桂小米朝の「新・私的国際学」<12>(2003年6月22日)
今日は夏至。一年で最も昼が長い日である。明日からは日が短くなってゆくのだ(そう考えると気ぜわしいねぇ)。ところが、なぜか夏休みのころのほうが昼間が長く感じる。6月が梅雨であるため、日照時間が短くなることが一つの理由であろう。
ちなみに「つゆ」とは元来「露」のこと。それに「梅雨」の字を当てた。梅の実が生る季節に降る雨だからだとか・・・まことに風情のある当て字だ。そこから音読みの「梅雨前線」という呼び名も生まれた。
この時期、太陽の恵みは少なくなるが、恵みの雨が大地を潤し、植物を育て、ホタルまで飛びかわしてくれる。梅雨が明け、七夕(今年は8月4日)には満天の星を仰ぎ見る・・・。日本独特の歳時記だ。
それはさておき、昼夜の長さの変化はなぜ起きるのか。それは地球の軸が少し傾いているからなのである。地軸が公転面の垂線に対して23.4度傾いていることにより、赤道付近以外は昼夜の長さが変化し、四季が生じるのである。もし、地球が垂直軸で自転していたら、いつも春分の日(もしくは秋分の日)状態となり、季節の変化も望めなかった。
水田耕作も文学も生まれなかったかもしれぬ。宇宙の創造主(神のおぼしめし)に感謝せずにはいられない。
わずか23.4度の傾きが、地球にさまざまな人種や文化をもたらしてくれたのだ。
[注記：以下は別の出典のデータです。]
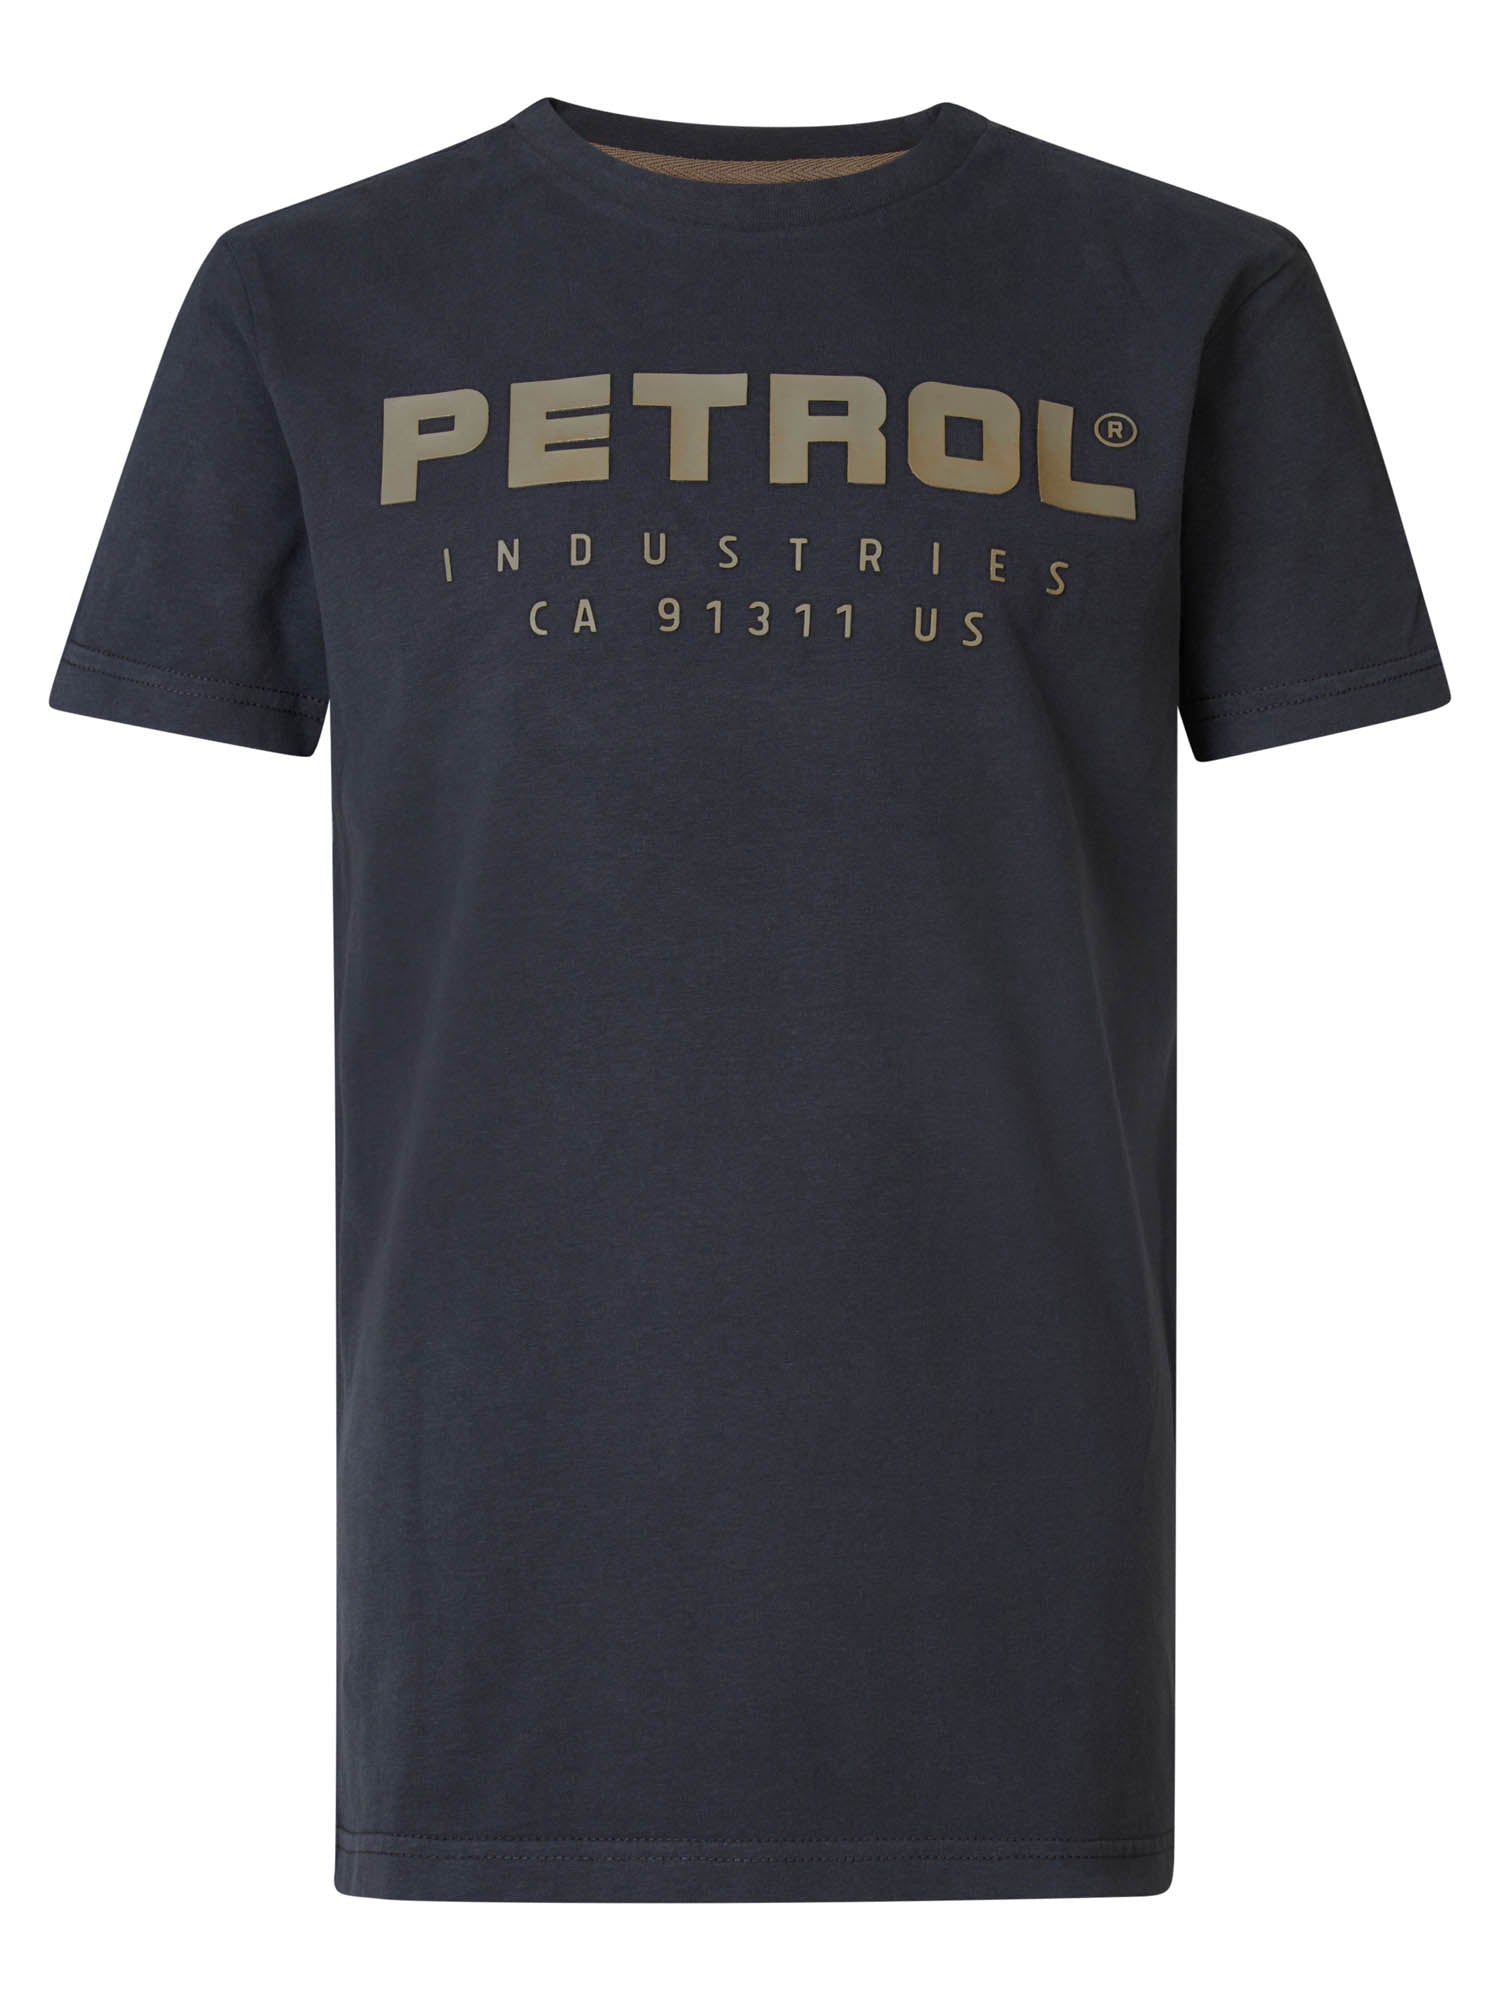 Petrol Industries Logo Artwork T-shirt Black Sand - 128
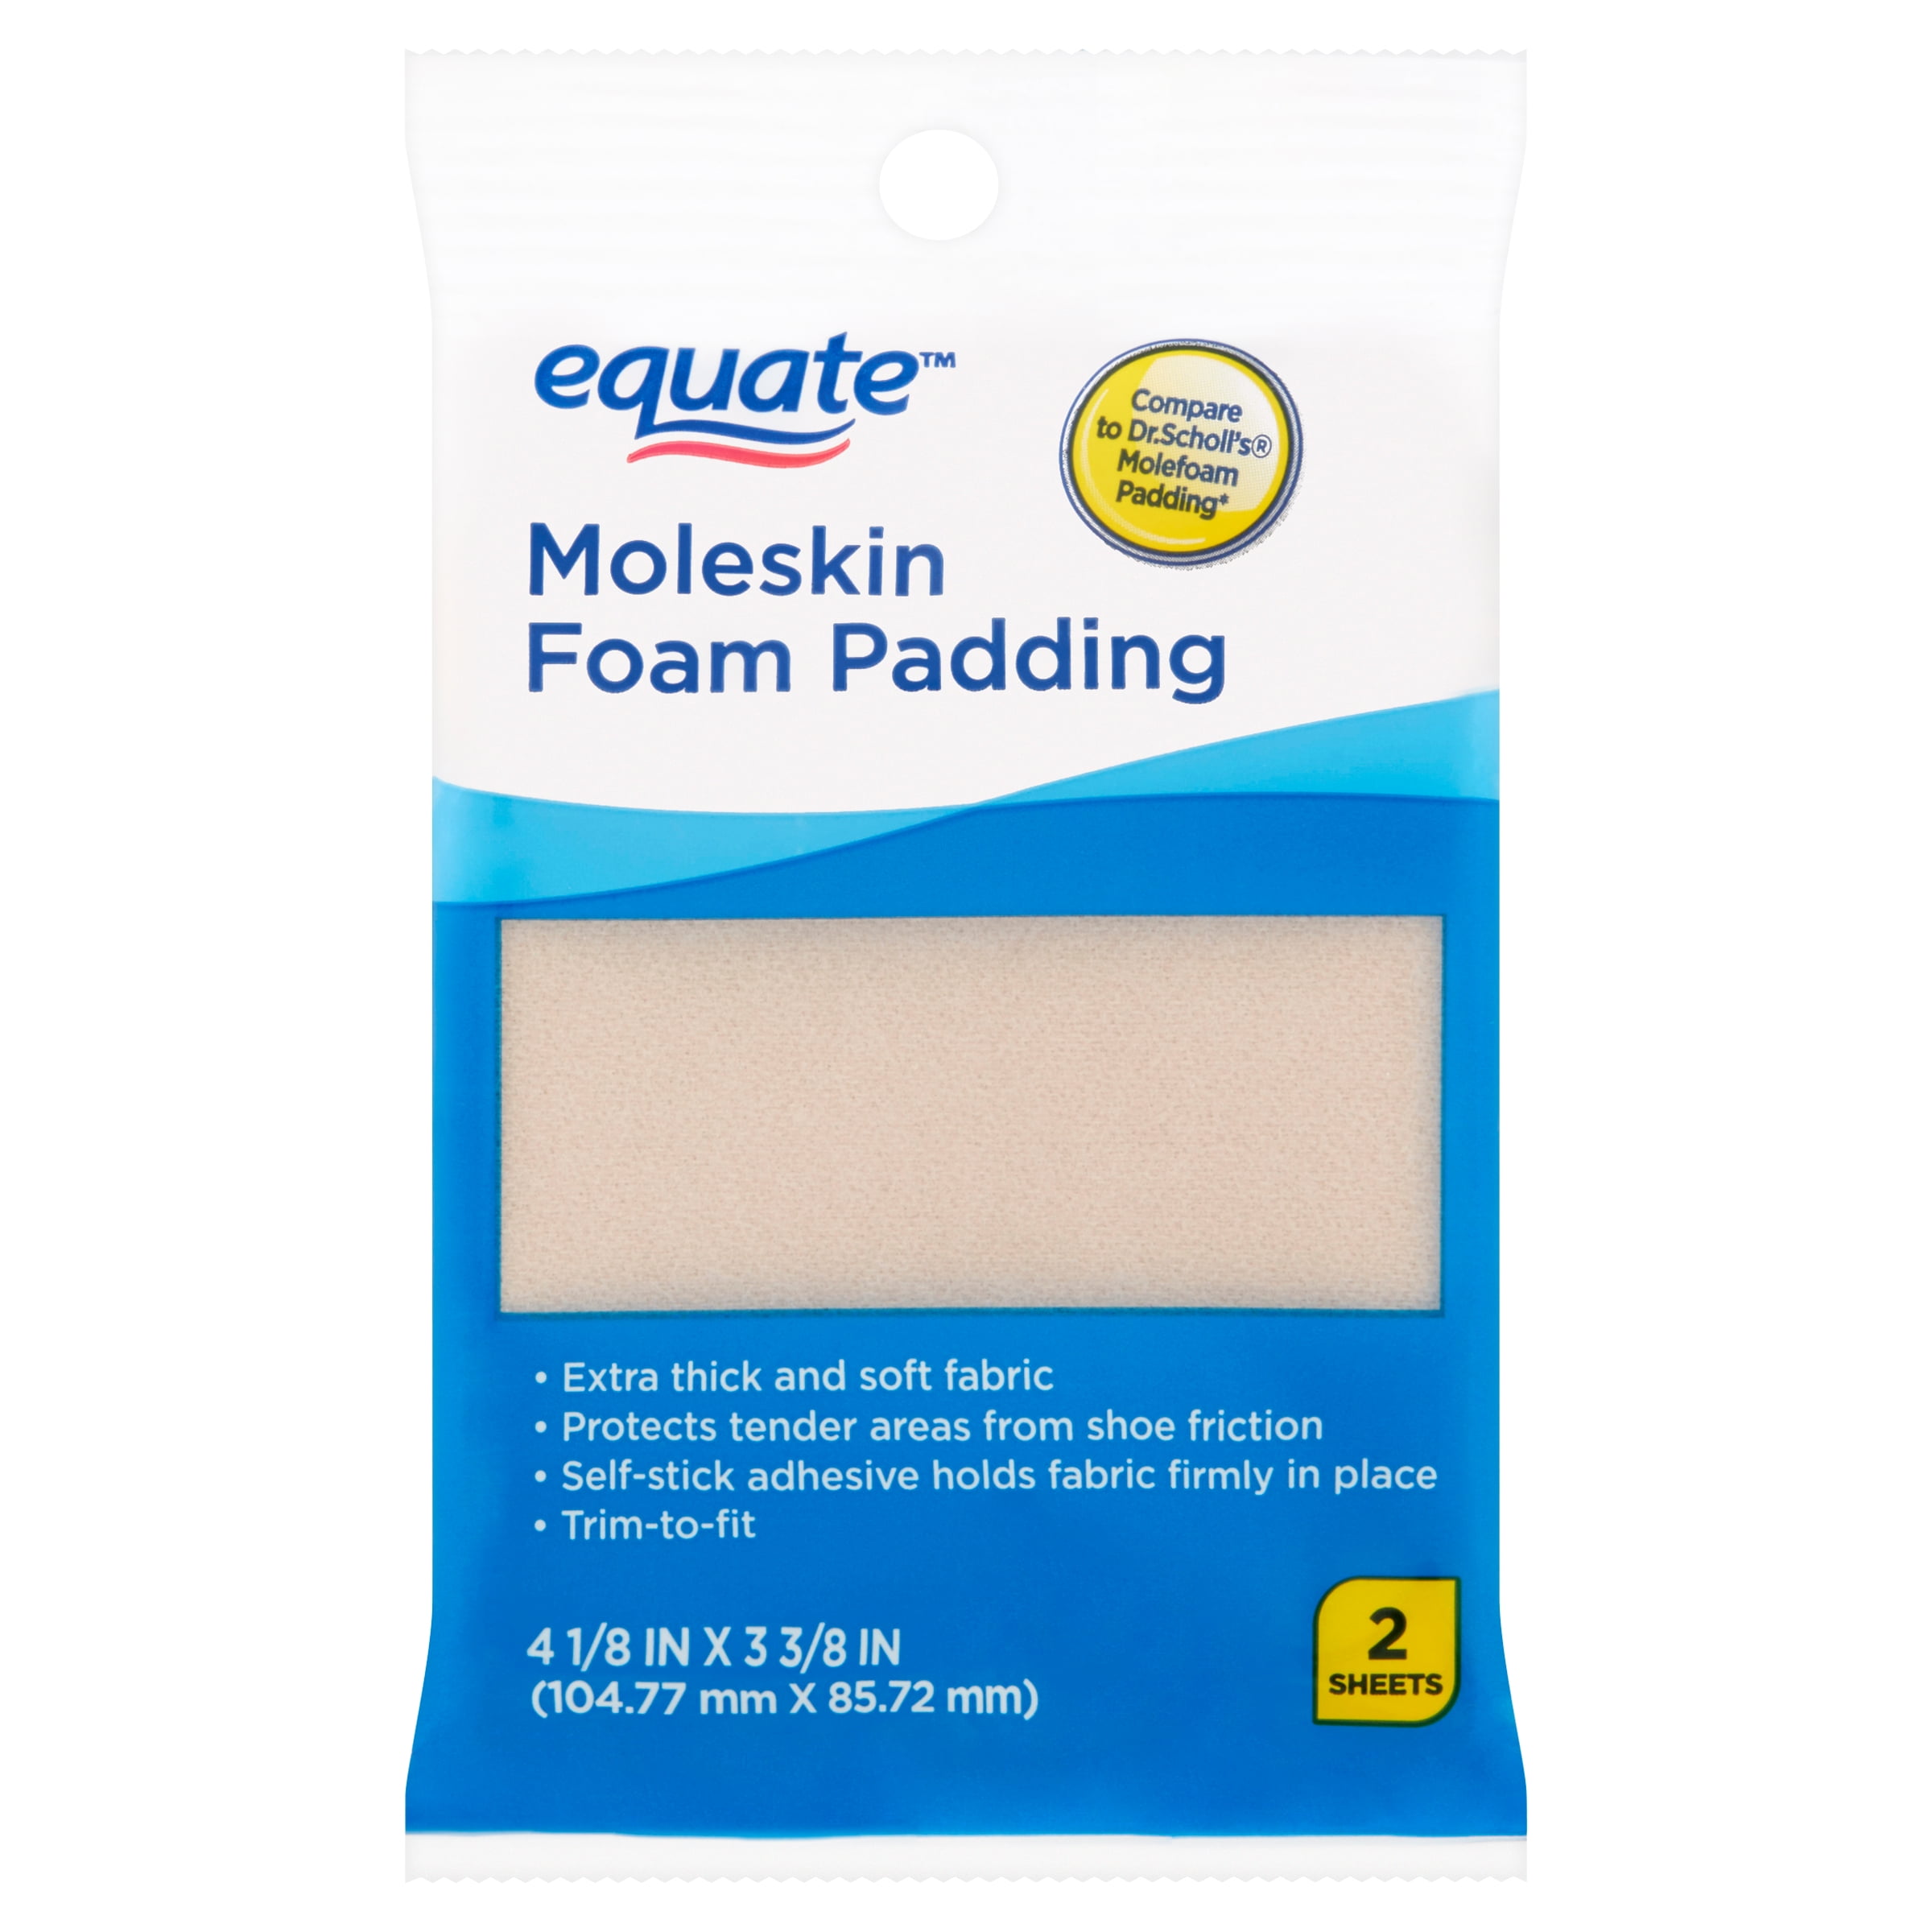 Equate Moleskin Foam Padding, 2 Count

民族紛争が解決せぬ原因は、この大いなる創造主の恵みをわざと見ぬようにしているためではなかろうか。
例えば、自分たちの宗教の正当性を押し出して、パレスチナの四つの地域を占領し続けることは戦争終結の道とは正反対の行動だということに早く気づいてはどうか。真のグローバルな物の考え方とは、地球に人工衛星を張りめぐらして一網打尽にすることではなく、科学の力を駆使して相手を思いやることだと思う。
本日夏至。北極では白夜。逆に、南極はまっくら。南半球は冬、すなわち〝冬至〟である。